Thursday, January 10, 2013

Meaningful Learning

What makes learning meaningful? And how could we increase the meaningfulness perceived by students?

We already know from research how much easier is to deep learn anything that makes sense and piques interest, so just utilizing that basic understanding about learning fundamentals would help schools achieve better results. Of course it is ridiculous to assume the same things interest all students, so introducing choice would be a good place to start.

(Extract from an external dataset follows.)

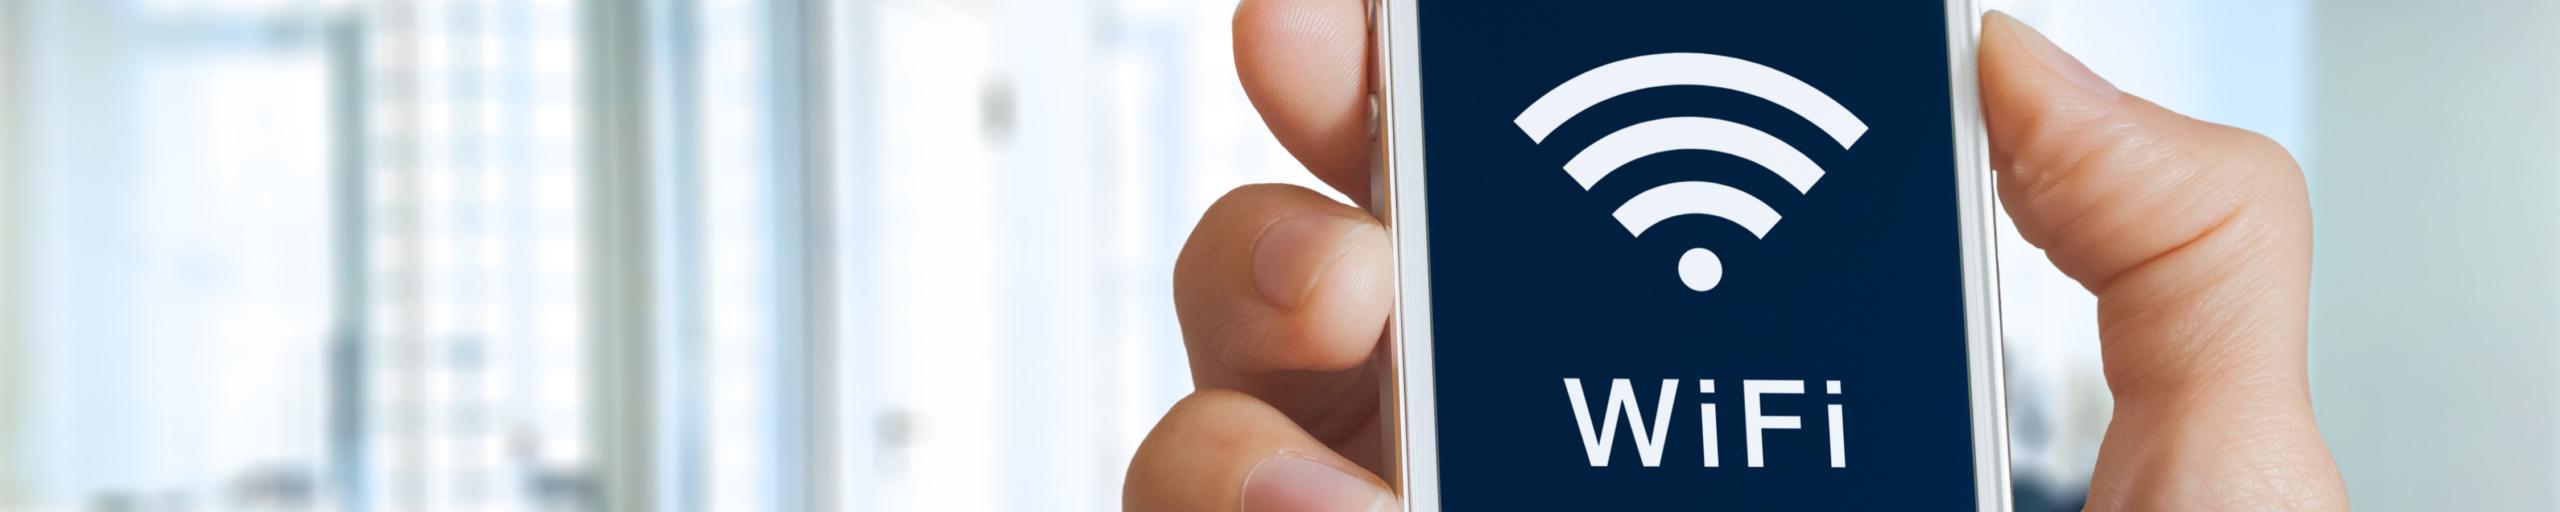 Headerbild Smartphone mit WiFi

Meaningful learning[1] allows students to acquire knowledge in a way that is useful for them. When you can use learned information easily, this often means that you have stored it in several different places in your mind, and you can also access that knowledge in different contexts - this is what we refer as transfer in the teaching jargon, but it actually is the natural or original way of learning.  Several contexts equals multiple connections and these multiple connections mean the objective is deep learned, because it is integrated to everything else we  know, so well that it cannot be separated from them. No learning loss happens to this knowledge - but then again it requires the content to have personal value to the learner, to be meaningful.

Learning is highly individual and takes anything between 2 milliseconds to 25 years to happen, yet in educational systems we often expect students to complete learning tasks within a certain time frame. Why? Wouldn't it be better to allow some flexibility and let students learn in their own pace? We already have the necessary technology to do provide highly individualized learning, but are still somehow stuck in the cohort mentality. We should more diligently use tools for learning facilitation instead of sticking in traditional teaching and lecturing, because the time needed for learning is different for each student. Acquiring knowledge requires individual amount of interactions between the student and the material to be learned. These interactions can vary from reading to discussions and projects, and from lecturing to engaging students in a learning game - and the guiding principle should be meaningfulness for the learner, because that guarantees better quality learning.

Meaningful learning is also competency based, so that regurgitating same content for umpteenth time is understood and accepted to be unnecessary. This is also the basic recipe for truly diverse classrooms: students get to learn what they need to learn, not what their peers need to learn. Facilitating self-paced and autonomous learning would be extremely easy with existing technology, so why don't we use all our tech like that? I am afraid the answer is quite ugly: we want to control what our students are learning, and how they do that (and also measure their performance). So we are asked to teach everything and everyone in the same way, and wish our students would miraculously deep learn it all, and even find it meaningful. Then we reprimand students for not being happy and enthusiastic to learn, or at least work hard to memorize all the (unnecessary) information we pour onto them. I know there are too many details in any given curriculum, and not enough higher level concepts - but there are many daily choices for teachers to either teach those details or facilitate students learning about them.

While discussing with the teachers I mentor there is one common theme they highlight about their work: the blissful feeling of being successful in teaching when a student has an "a-ha!" - moment. In that moment learning is extremely meaningful for the student, and it often has been described like windows suddenly opening and seeing the world/ the problem with new eyes. What happens in reality is brain creating new connections and applying knowledge in a new context. The extreme case of this is a flow experience, which can be quite addictive, actually.

Empowering students to learn helps them to like learning - or even crave  for more knowledge and understanding. This means they are learning for life not just for school. We can change the future world by choosing to provide meaningful learning experiences for our students. How do you choose to teach today?